Семинар открывал новые миры, категории мысли, исторические оценки – словом, как будто бы наполнял психологическую аудиторию свежим воздухом, раскрывал философский, богословский, антропологический горизонты для нового психологического мышления.
Ключевым событием этого периода стал почти синхронный выход в свет двух книг, на обложки которых впервые в отечественной науке были вынесены слова «христианская психология»: «Введение в христианскую психологию» и «Начала христианской психологии»[29].
И хотя, строго говоря, «Введение…» не было «введением» (ибо некуда еще было вводить, не было «христианской психологии» как дисциплины) и «Начала…» не были учебным пособием для вузов, как значилось на титуле, но сами названия указывали на адресованность обеих книг университетской аудитории.

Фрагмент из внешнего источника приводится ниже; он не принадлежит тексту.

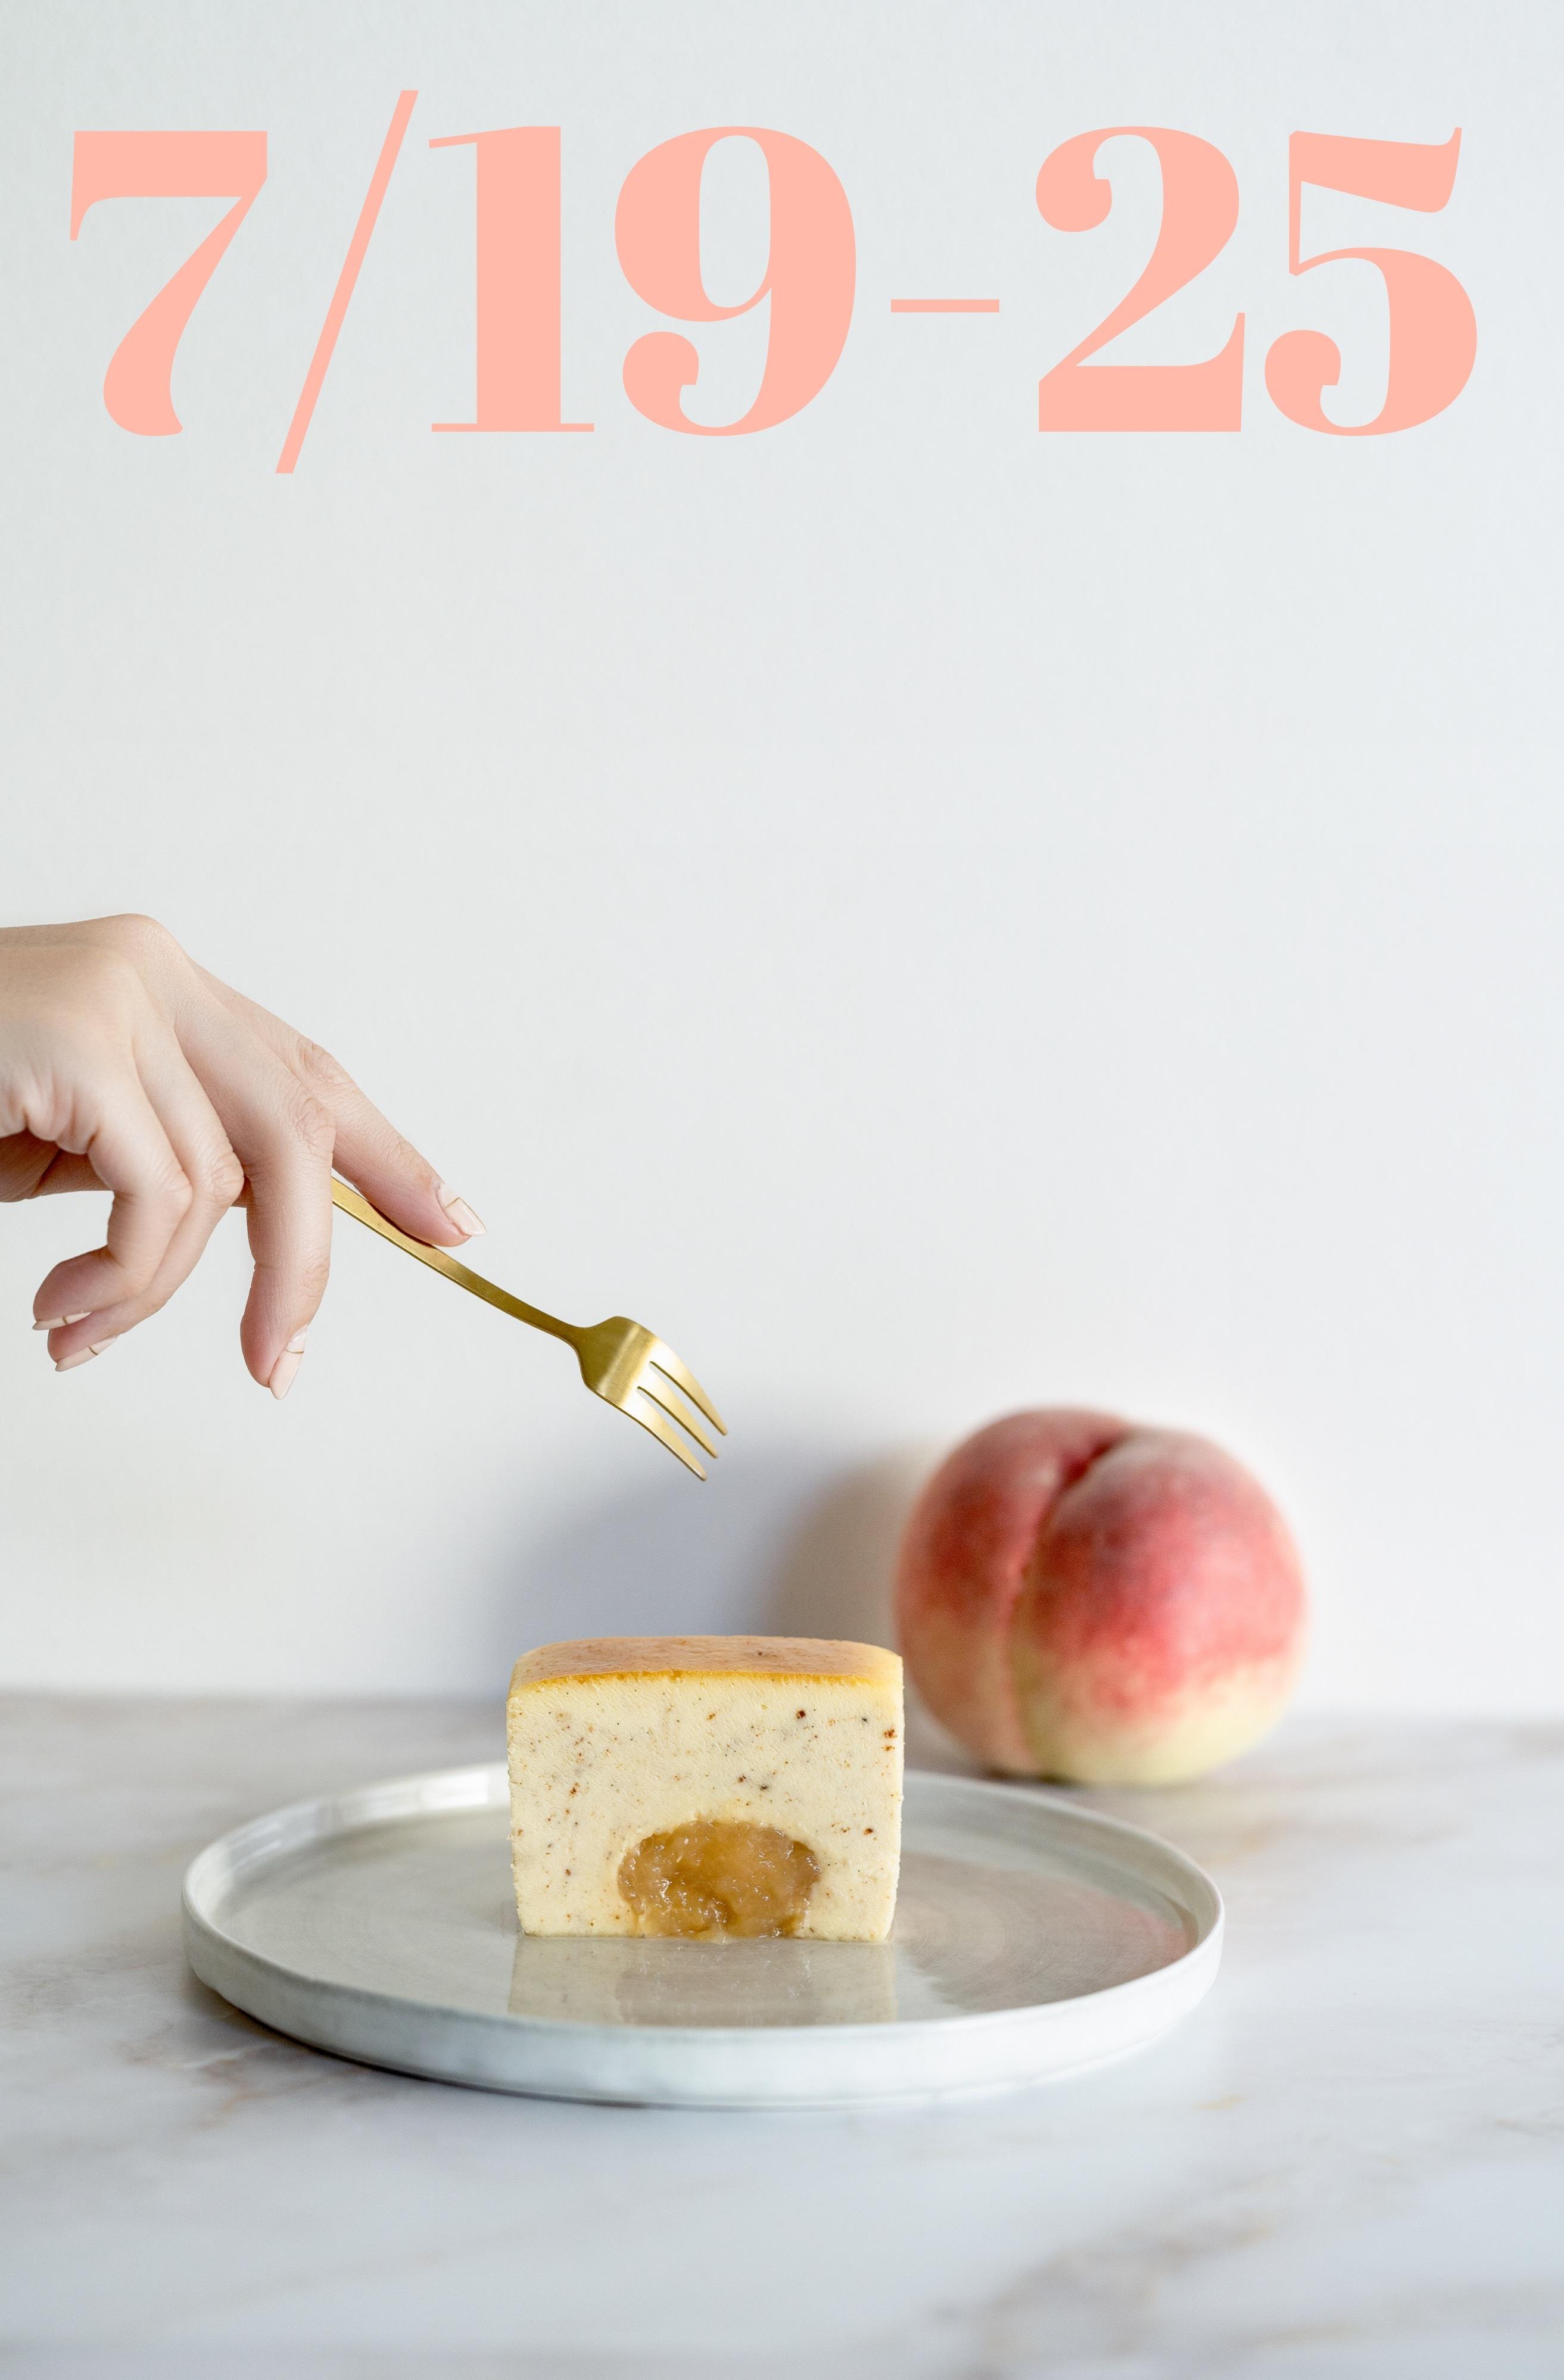 【7/19-25全国発送】*夏限定*ピーチチーズテリーヌ

Сейчас, двадцать лет спустя, эти две книги можно представить как своего рода диптих, который задавал смысловое поле рождающейся христианской психологии. На одной створке диптиха изображена Церковь, на другой – Университет, они смотрят друг на друга, и напряжение этой встречи наводит силовые линии поля христианской психологии. Первая позиция была озвучена голосом священника Бориса Ничипорова, яркого проповедника, живого и творческого церковного деятеля, вокруг служения которого в храме Ильи Пророка села Селихово Конаковского района Тверской области стали группироваться сотни людей, стал возрождаться целый край. Важно, что сам он был выпускником университета, профессиональным клиническим психологом, кандидатом наук. В своей совсем не наукообразной, очень горячей книге он обращался не столько к психологии, сколько к психологам, к их личной позиции, понимая, что судьбы христианской психологии зависят прежде всего от качества и глубины духовного опыта ее строителей. Навстречу этому голосу со страниц «Начал…» звучал голос университета, академической науки, которая поднималась из-под глыб советской идеологии и свидетельствовала, что корни и истоки настоящего знания о личности – не в оскопленных сциентистских моделях и методах, а в христианской культуре и антропологии.

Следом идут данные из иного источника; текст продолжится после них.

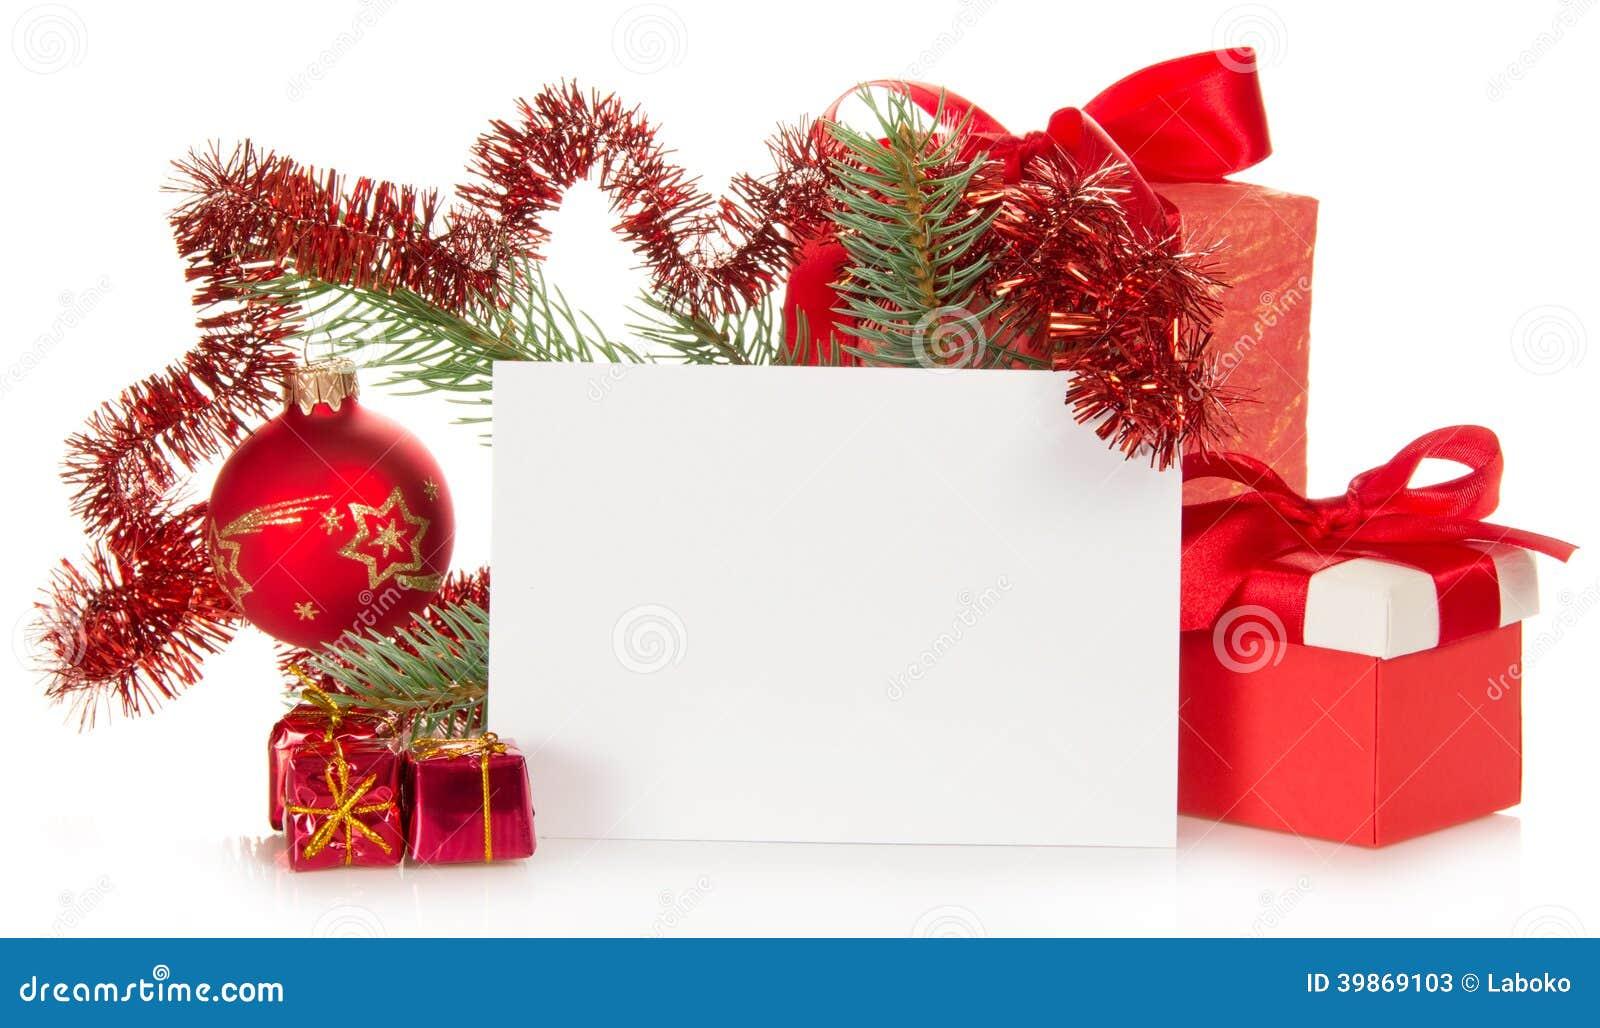 Cadeaux De Noël, Branche De Sapin Décorée Par Des Jouets Image

И в этой стилистической детали, в этой перекличке теперь можно усмотреть глубокую, направленную в будущее интуицию авторов: христианскую психологию можно будет считать установившейся, конституированной, когда появится первый фундаментальный университетский учебник.
Тогда же, в середине 1990-х гг., слова «Введение…» и «Начала…» внушали надежды относительно академических перспектив развития данного направления. Участникам движения искренне верилось, что перед христианской психологией открыта широкая дорога мощного поступательного развития. А это – только первые вводные шаги, только начало.
Однако, когда дело стало доходить до предметных профессиональных психологических акций, все оказалось не так просто, и многие авторы, предпринимавшие попытки конкретных научно-психологических исследований и практических разработок, раз за разом соскальзывали в явные методологические ошибки. Все они были связаны с тем, что взаимоотношения науки и религии вообще и взаимоотношения психологии и христианства в частности – сложнейшая философская и культурно-историческая проблема, и характерная для периода вдохновения и энтузиазма методологическая бесшабашность неизбежно приводила то к смешным, то к грустным результатам. Можно указать на три типа методологических ошибок, характерных для первой волны исследований.
Смешение уровней анализа – первая из них. Некоторые авторы готовы были «венчать гараж с геранью» (Б. Ахмадулина). Вот статья, аннотированная в альманахе психологии и духовной жизни «Консонанс»: «Описывается случай 22-летнего юноши, объяснявшего свое криминальное поведение тем, что в него вселился дух. Традиционный обряд экзорцизма не принес результата. Проводилась дифференциальная диагностика между диссоциативным состоянием и параноидной шизофренией. На фоне лечения трифлуоперазином и клопентиксолом отмечалась редукция симптомов, несмотря на очевидность подлинной одержимости. Делается вывод о том, что нейролептики способствуют исчезновению симптомов в случаях одержимости, резистентной к экзорцизму»[30]. Правда, эта статья вышла далеко за пределами отечества, в Британском журнале психиатрии, но именно ее аннотацию сочувственно выбрали составители для включения в свой альманах. Впрочем, у нас встречались не менее яркие примеры.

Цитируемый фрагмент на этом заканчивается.